#### DATA:
··········
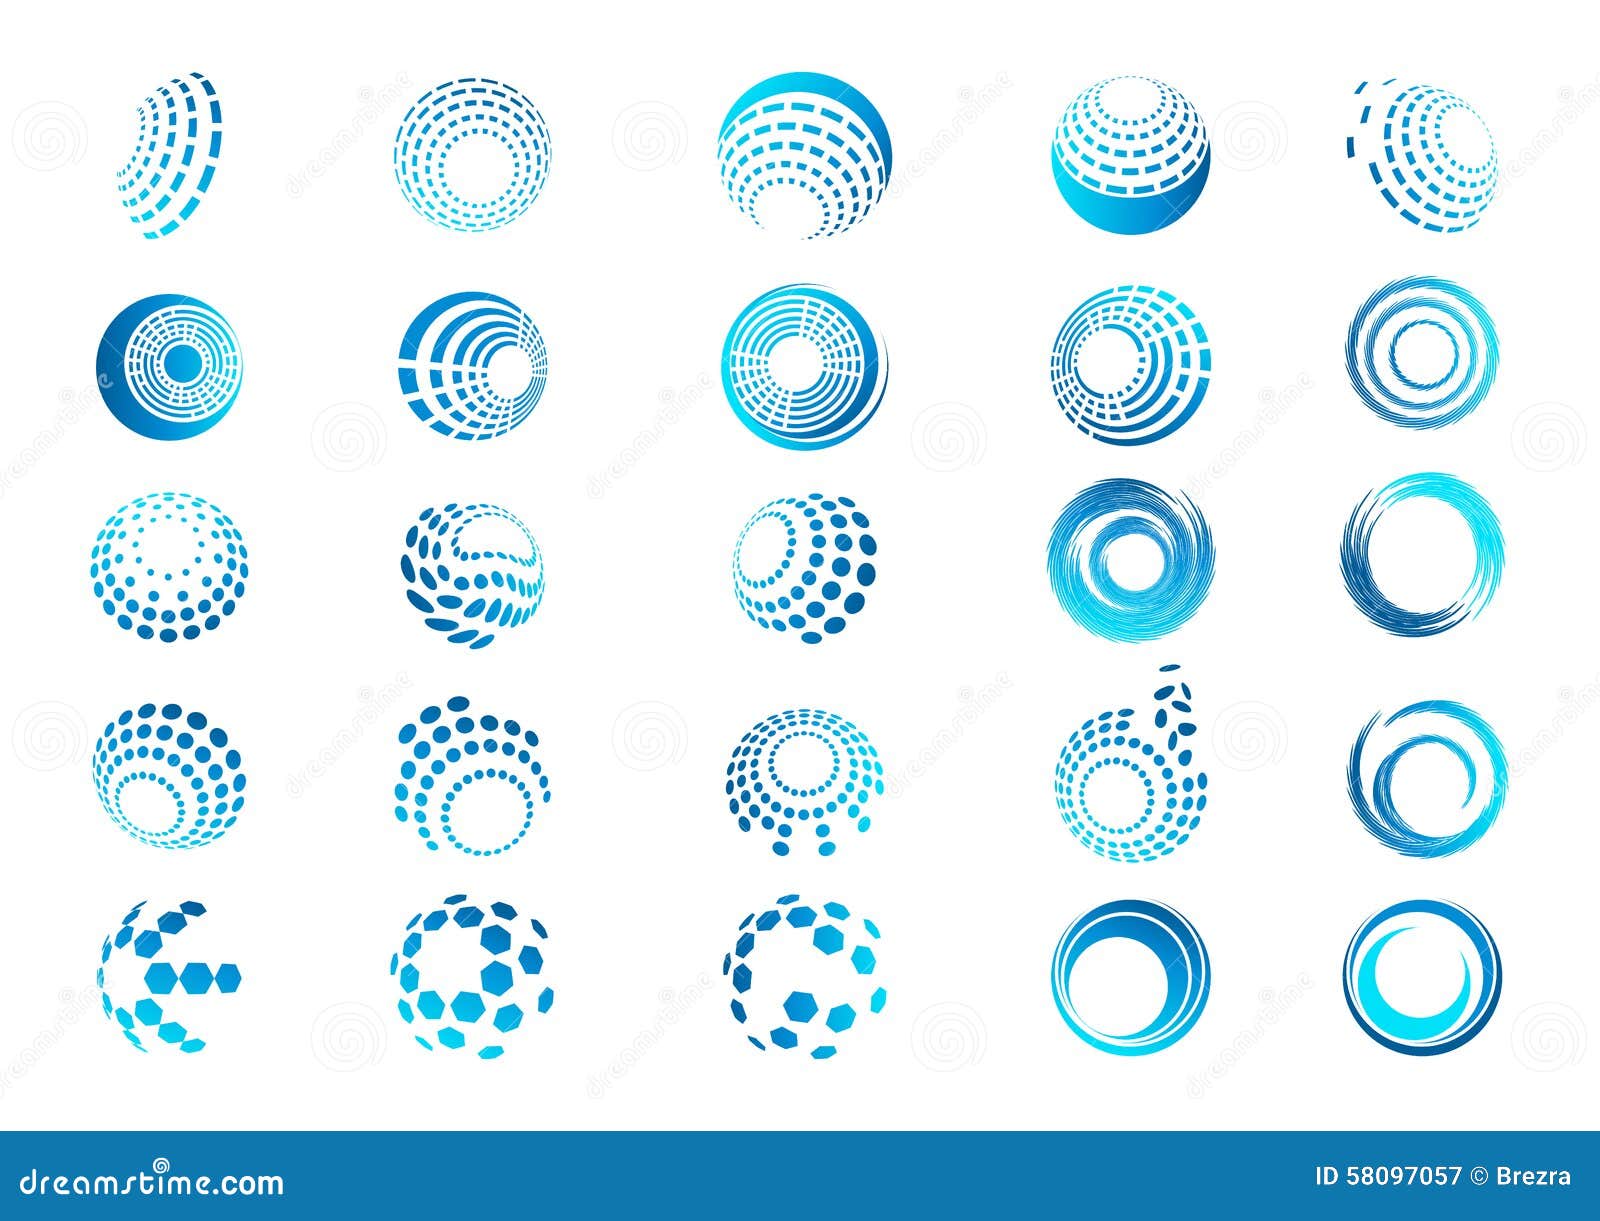 sphere, logo, globe, wave, circle, round, technologogy, world   icon set
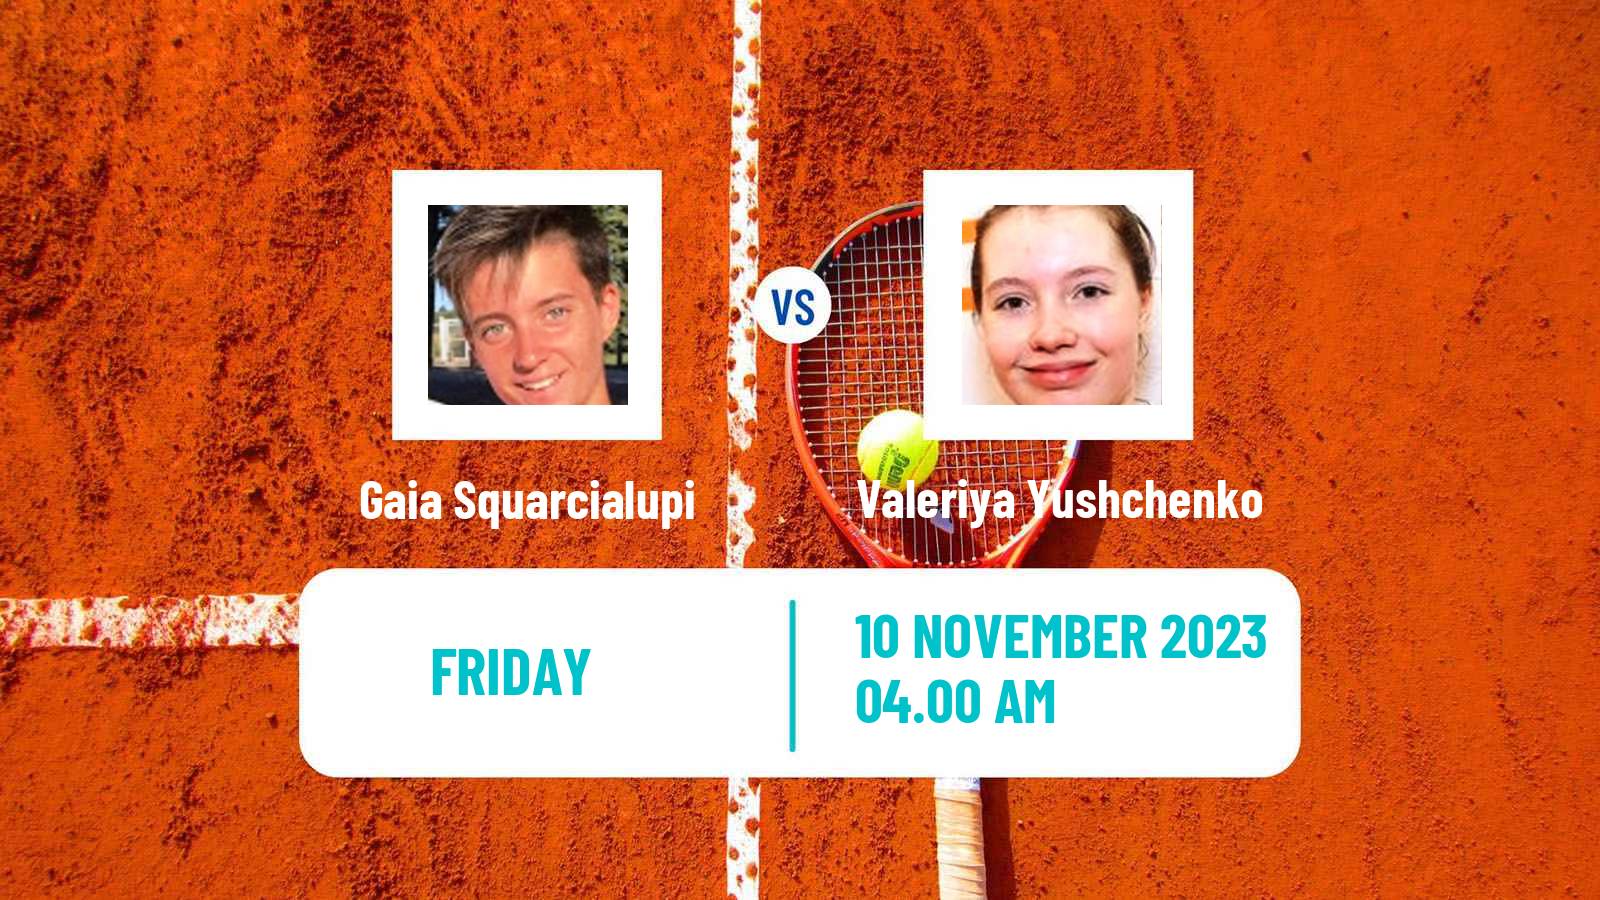 Tennis ITF W15 Antalya 17 Women Gaia Squarcialupi - Valeriya Yushchenko
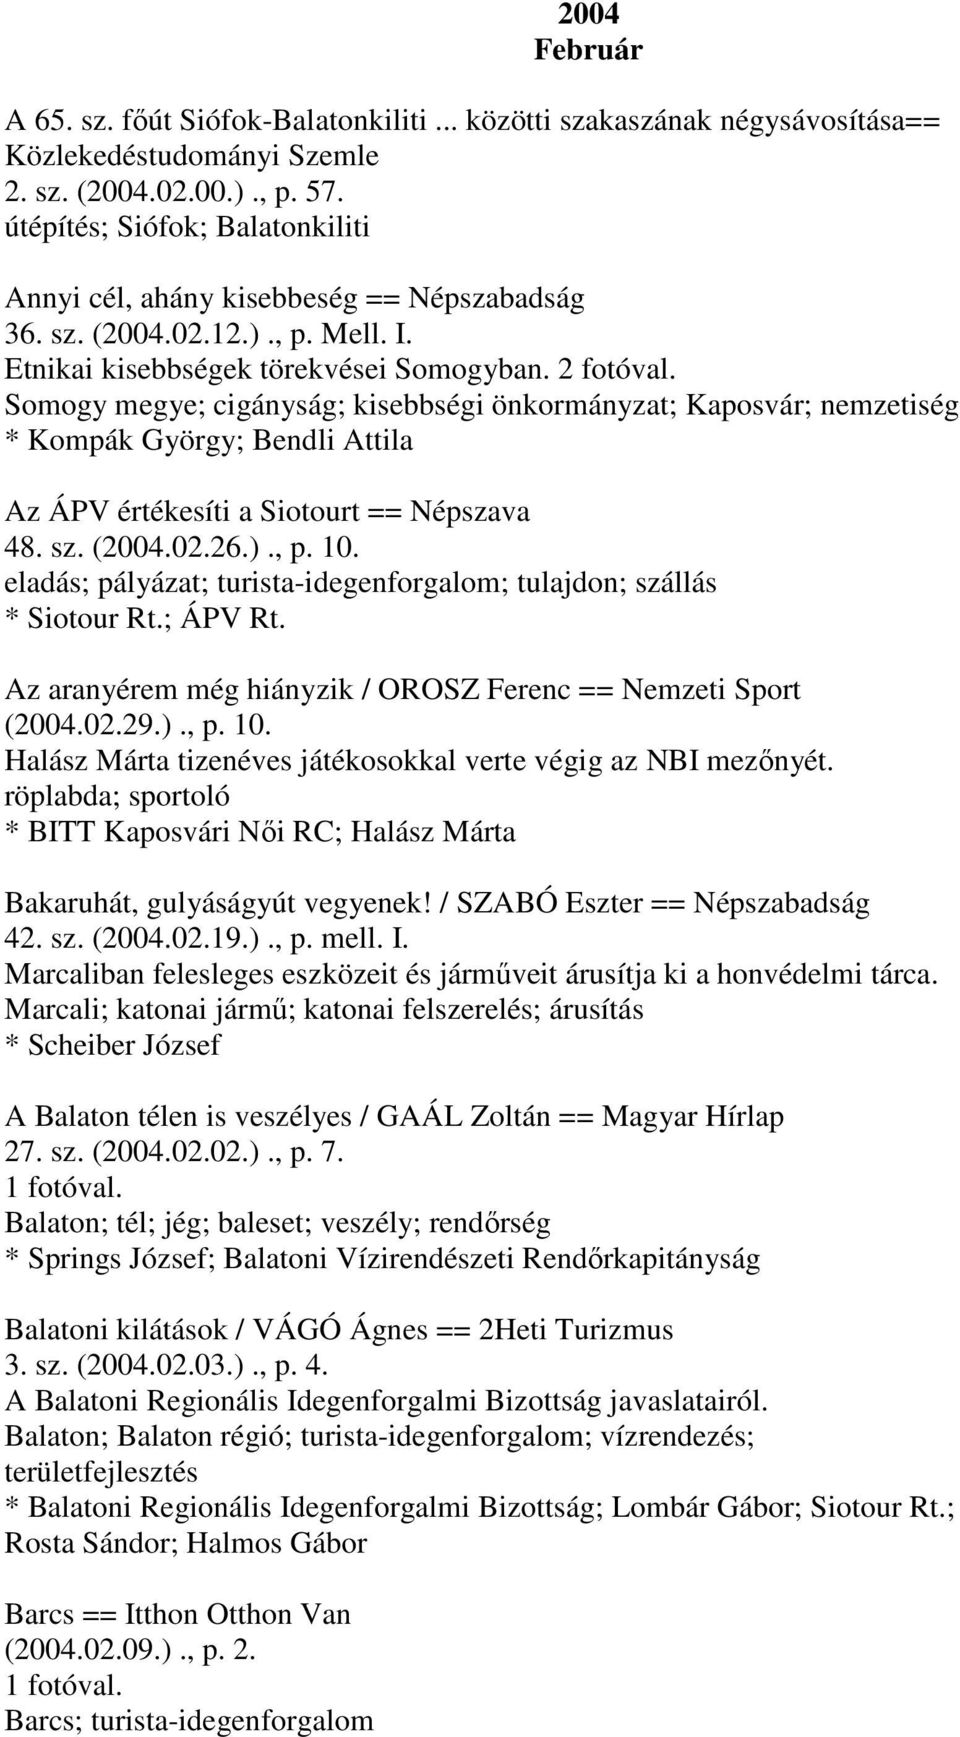 Somogy megye; cigányság; kisebbségi önkormányzat; Kaposvár; nemzetiség * Kompák György; Bendli Attila Az ÁPV értékesíti a Siotourt == Népszava 48. sz. (2004.02.26.)., p. 10.
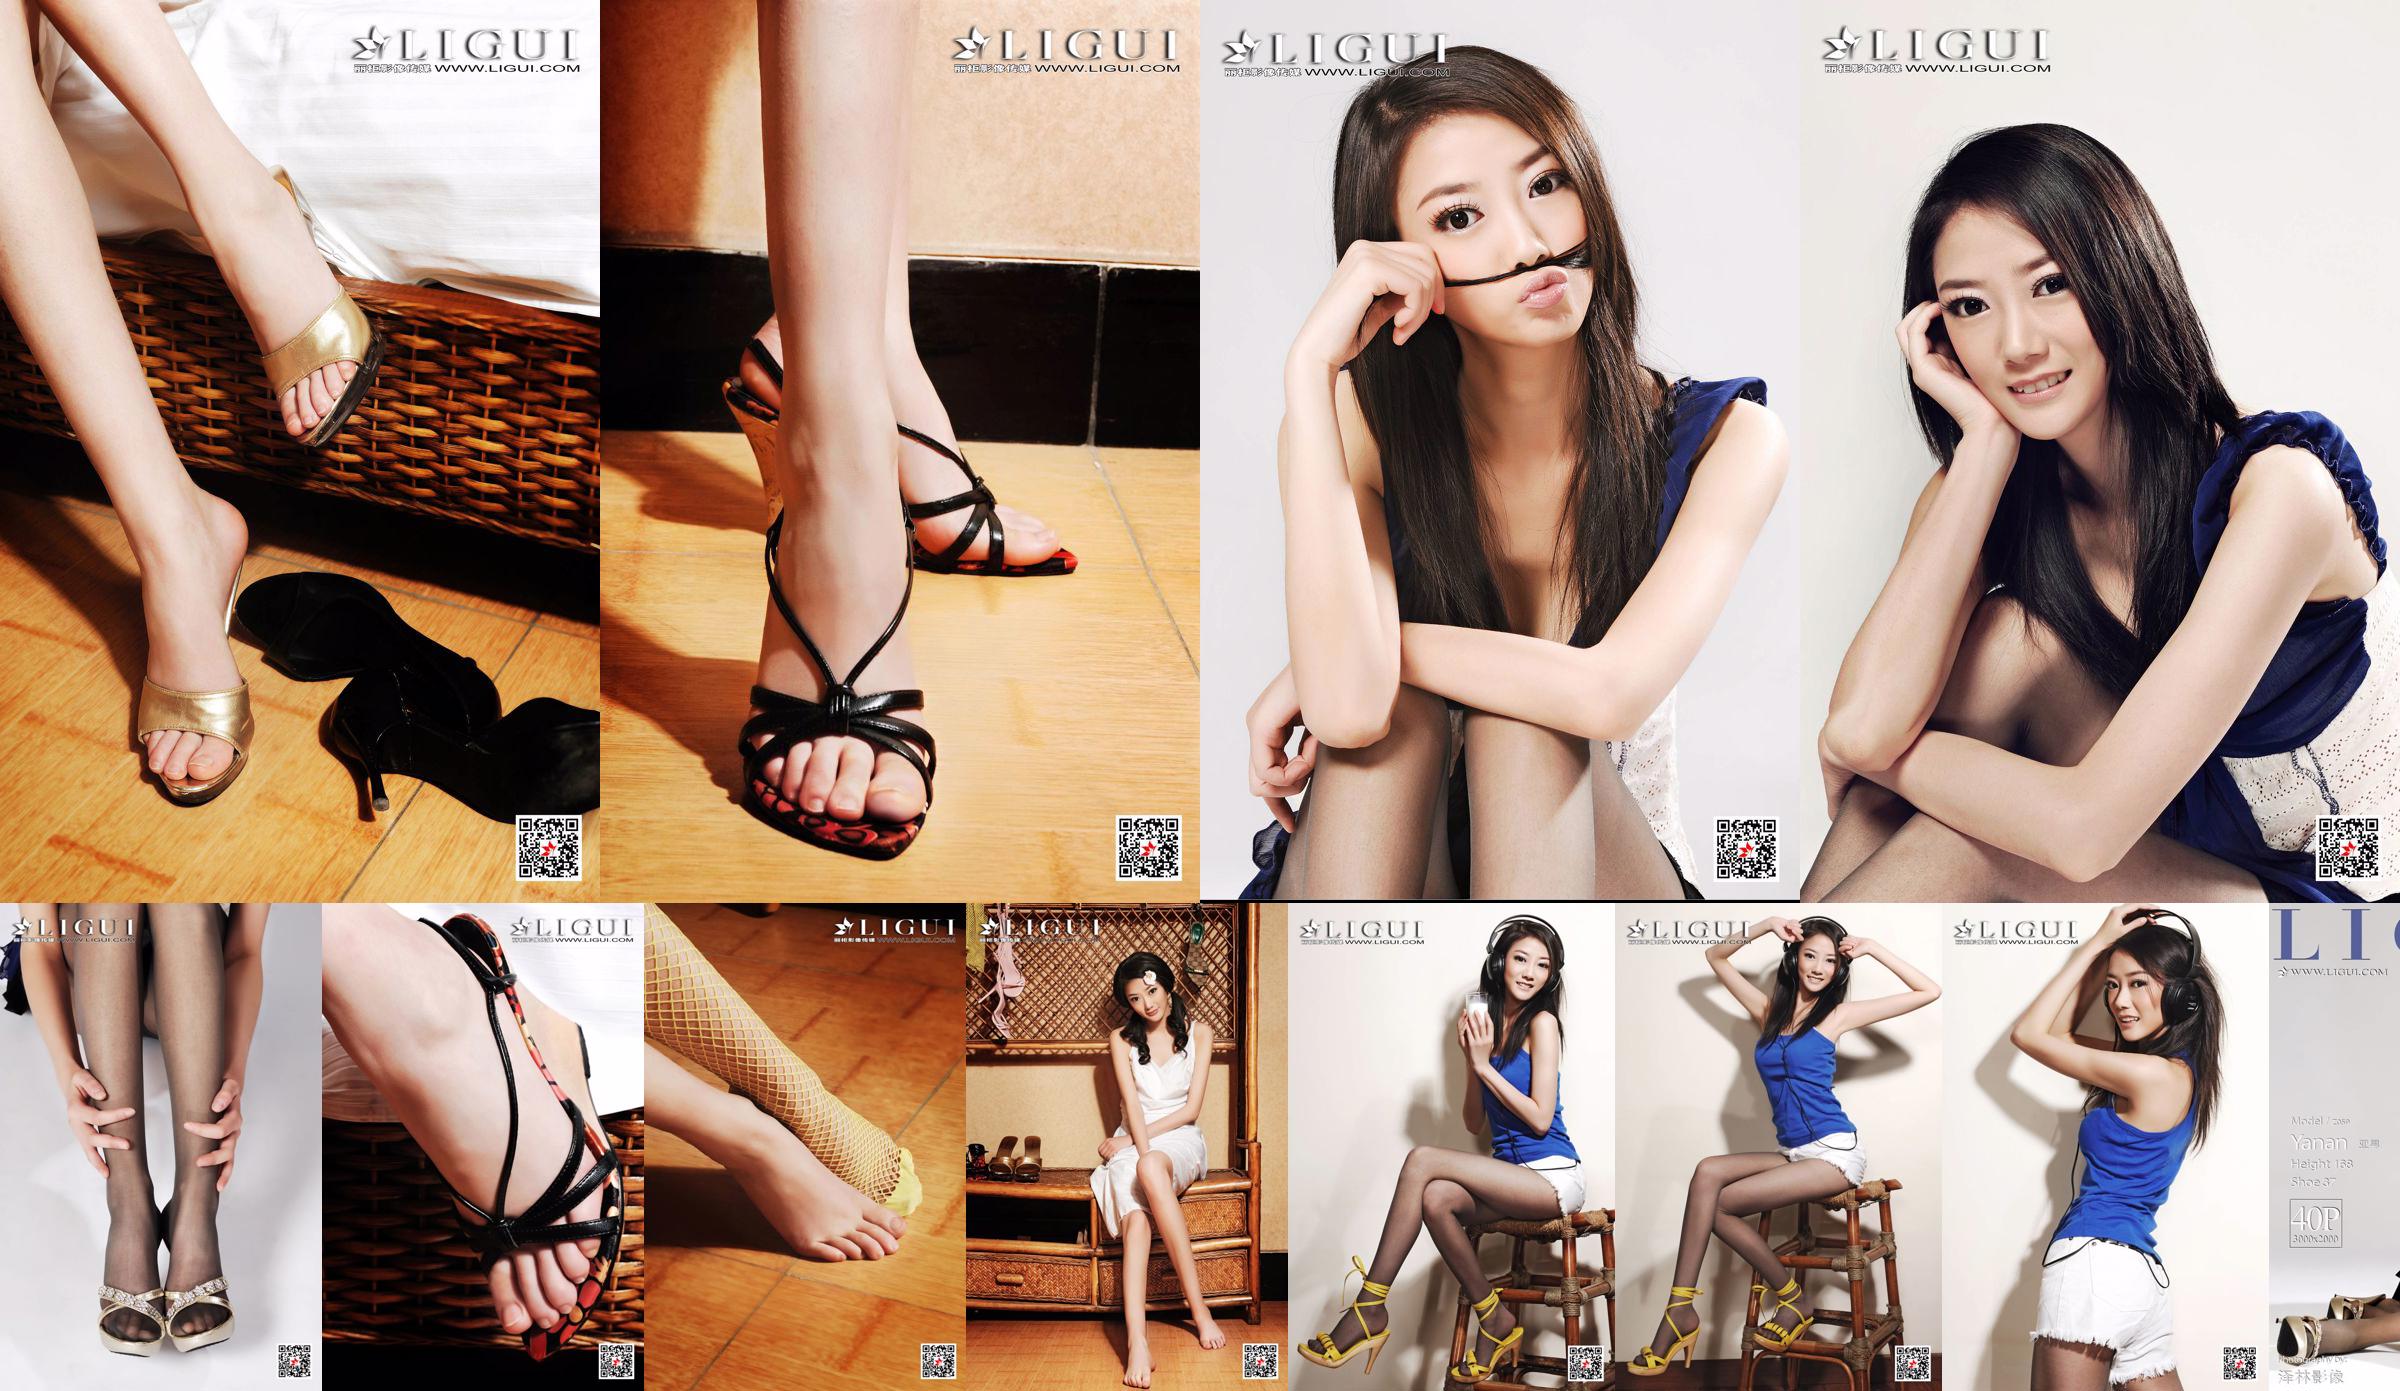 Азиатский мальчик-модель "Девушка с длинными ногами и темпераментом" [Лигуй Лигуй] No.fce6cf Страница 1
··········
Extract exactly the lines above from the line containing "Somogy megye; cigányság;" through the last one, both ends included, but not the pictures.

#### OUTPUT BELOW:
 Somogy megye; cigányság; kisebbségi önkormányzat; Kaposvár; nemzetiség * Kompák György; Bendli Attila Az ÁPV értékesíti a Siotourt == Népszava 48. sz. (2004.02.26.)., p. 10.
 Азиатский мальчик-модель "Девушка с длинными ногами и темпераментом" [Лигуй Лигуй] No.fce6cf Страница 1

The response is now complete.